I’m a 54 year old white male. My wife and I are in the process of divorce. We jointly decided to pursue separate love interests and try new things. It is a clean separation and our current situation could be described as amicable. I’m honored to say that I have three adult children who continue to amaze me on a daily basis. The eldest (from a previous relationship) resides in Australia, while the younger siblings live in the Pacific Northwest, having not strayed very far from their childhood home.

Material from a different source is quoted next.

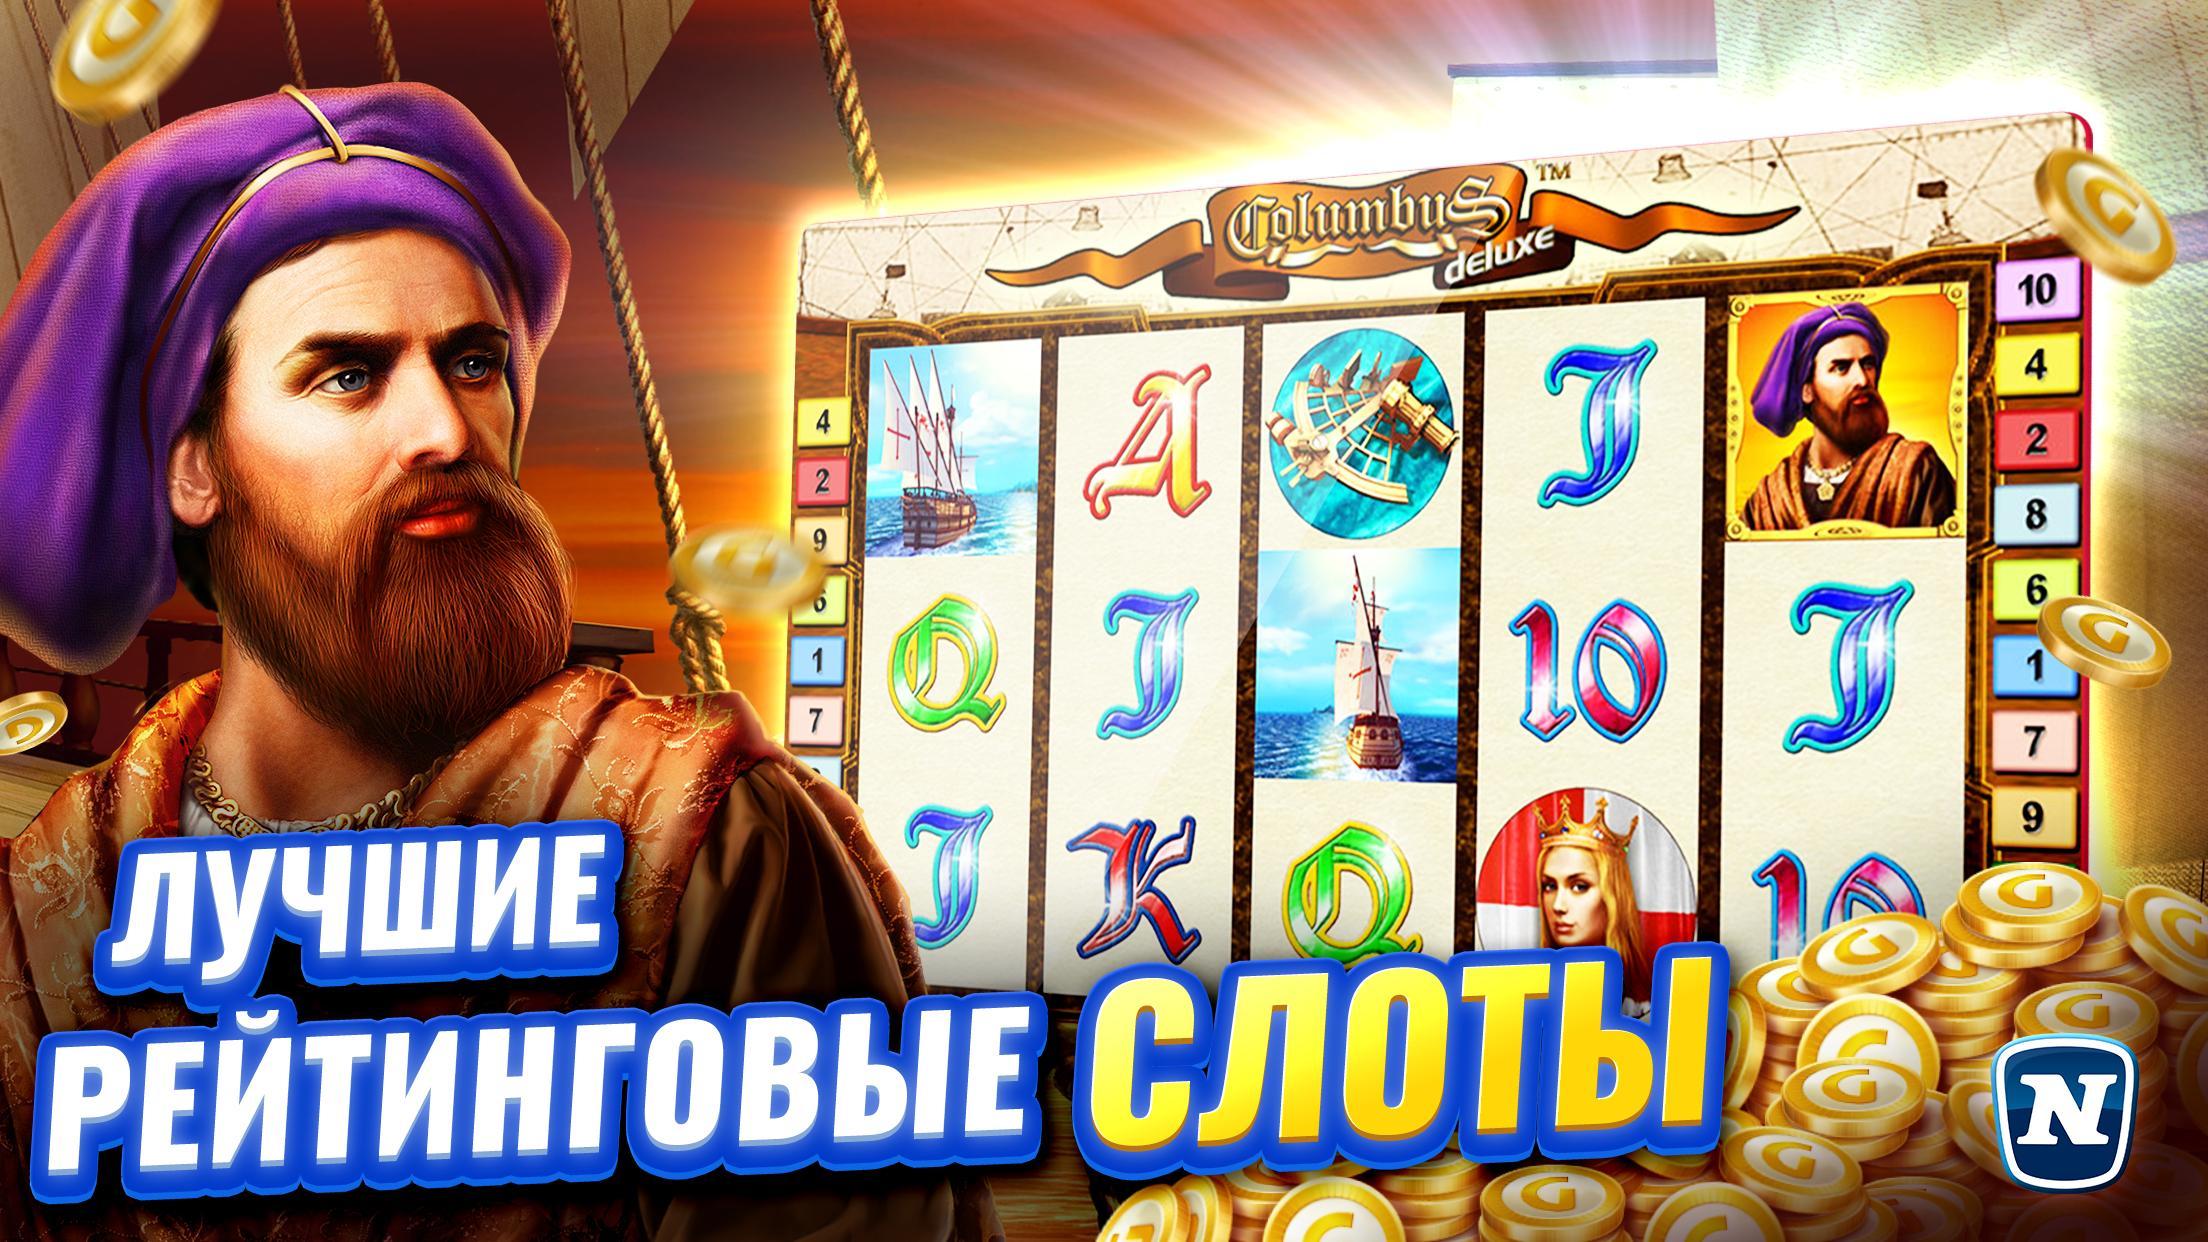 Игровой автомат казино бесплатно как заработать денег в интернет казино

I have a solemn demeanor, and an intimidating aura. People in crowds instinctively give me a wide berth. They treat me with caution, as if I have just been released from prison. Throughout life I could scrape my way out of any situation. Even the surliest of men step aside as I easily glide through all kinds of scenarios. I’m no superhero, but I’m treated like one. I’m privileged in that regard. I come off as being a little intense, but on the inside I’m very kind. I grapple with my entitlement because It’s hard coming to grips with my privilege in a world filled with so much suffering.
In my younger days I was confused and misguided. Because of my assumptions and generalizations, I thought the world owed me something. I had grown accustomed to being given everything; even without asking. I held expectations that other people keep me entertained, while getting aggravated if things didn’t go my way. I expected people to read my mind, because it would annoy me when asked to explain myself. No one has ever made me feel less than because they unknowingly lend me their power.
This is a glimpse into the mind of a true Narcissist because I am one of the most privileged men you will ever meet, and I have the capacity to be a real jerk. These are the conclusions I’ve come to after years of careful introspection. I’m currently holding kindness as my core value and it’s been working for me. Today I realize that I’m not the man I once was. Moreover, I’m optimistic about the man I’m becoming. My primary objective is to be a good role model, meaning I seek justice while encouraging fair play.